Another cell apoptosis signaling pathway, the death receptor pathway, is mediated by Fas, which is a TNF-R family member and a cell surface death receptor. Fas can bind with FasL and then lead to subsequent activation of caspase-8 protein by Fas-associated death domain protein. Caspase-3 is then activated by the cleavage of caspase-8, and the cell death signal pathway is activated. Additionally, to clarify the initiation of the apoptosis signaling pathway in AGS and MGC80-3 cells treated by BBD, the Fas/FasL-mediated signal pathway was also detected. The data suggested that BBD treatment up-regulates Fas and FasL protein expression. All these results showed that BBD induces AGS and MGC80-3 cell apoptosis via the intrinsic and extrinsic apoptotic pathways.

Recent studies have reported that activating the MAPK signaling pathway can regulate death receptors and survival proteins to induce apoptosis.[32,33] Newhouse[34] also reported that rotenone-induced apoptosis is mediated by JNK MAP kinases and p38 in human dopaminergic SH-SY5Y cells. To illustrate the molecular mechanism whereby BBD induces apoptosis, such relevant signaling pathways as MAPK and NF-κB were detected. The levels of phosphorylated proteins JNK, p38, and ERK were regulated by BBD treatment. NF-κB and MAPK communicate the external signal from the membrane to the nucleus and govern a series of biological functions, including apoptosis, proliferation, and differentiation. Antitumor activities were extensively reported through the suppression of key protein activation or level of NF-κB and MAPK pathway. Our study results are consistent with publications on activation of the caspase cascade in tumor cells leading to apoptosis.[35] Therefore, BBD plays a significant role in inhibiting the activation of NF-κB and MAPK signaling pathways in AGS and MGC80-3 cells.
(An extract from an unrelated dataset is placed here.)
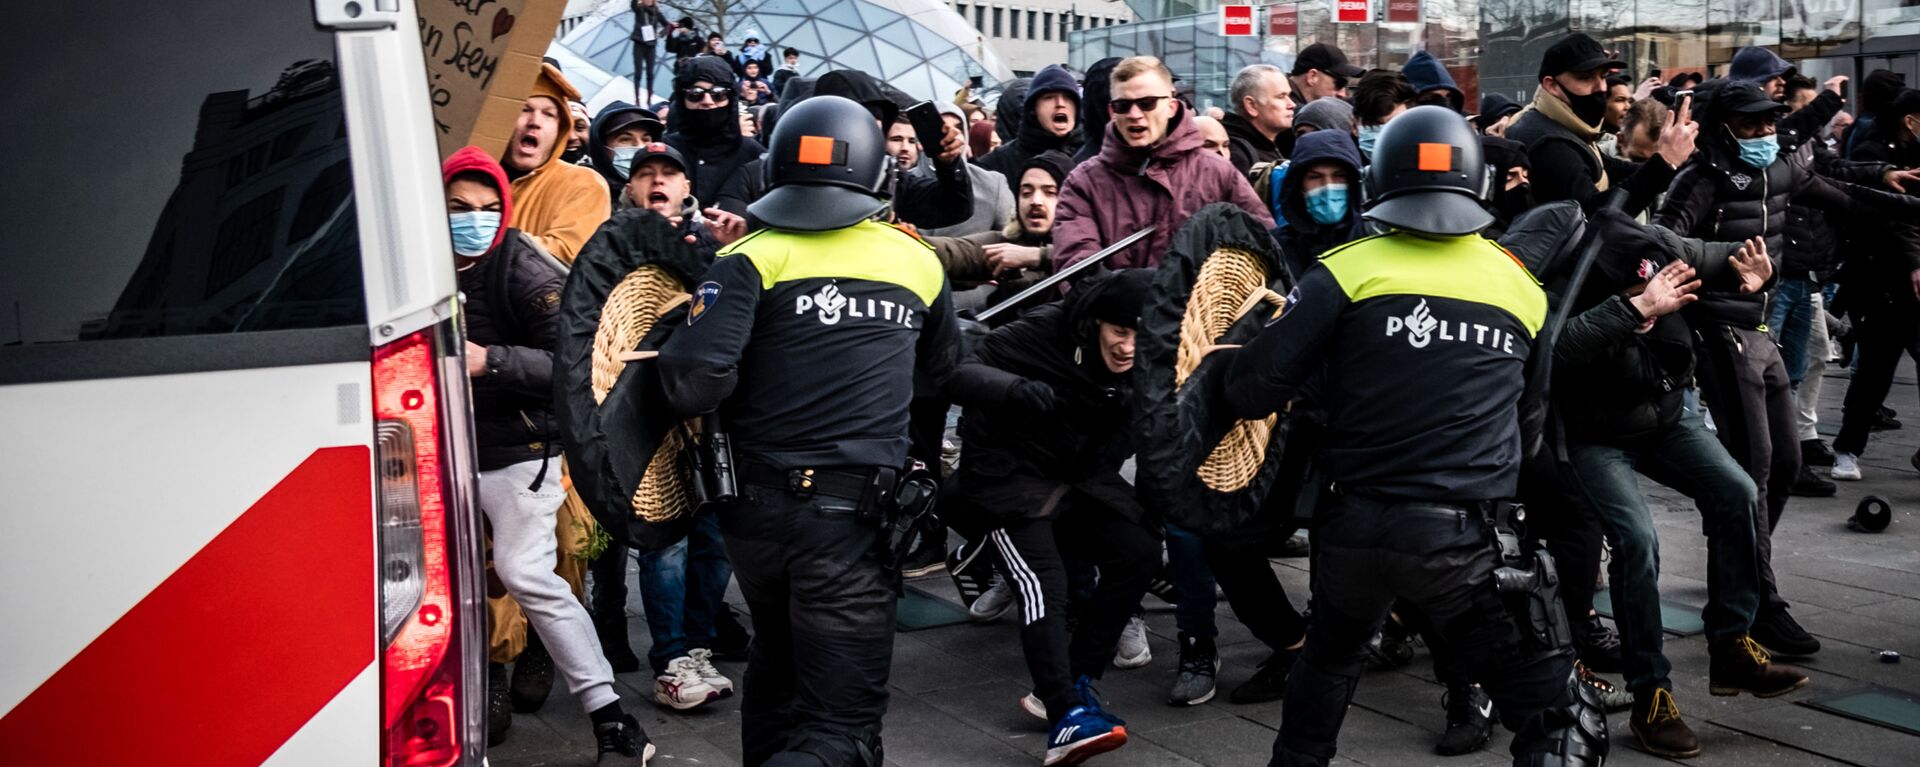 احتجاجات عارمة في أيندهوفن ضد سياسة كورونا، هولندا في 24 يناير 2021  - سبوتنيك عربي, 1920, 11.11.2021

Generally, our study indicates that the BBD-induced apoptosis of AGS and MGC80-3 cells is mediated via both intrinsic and extrinsic apoptotic pathways via down-regulating NF-κB and MAPK signaling pathways. The anti-cancer mechanism of BBD needs further exploration because it involves many possible signaling pathways, and further in vitro experiments are required. The current findings may help pave the way for future investigation into the potential therapeutic usefulness of BBD in the clinical treatment of human gastric cancer.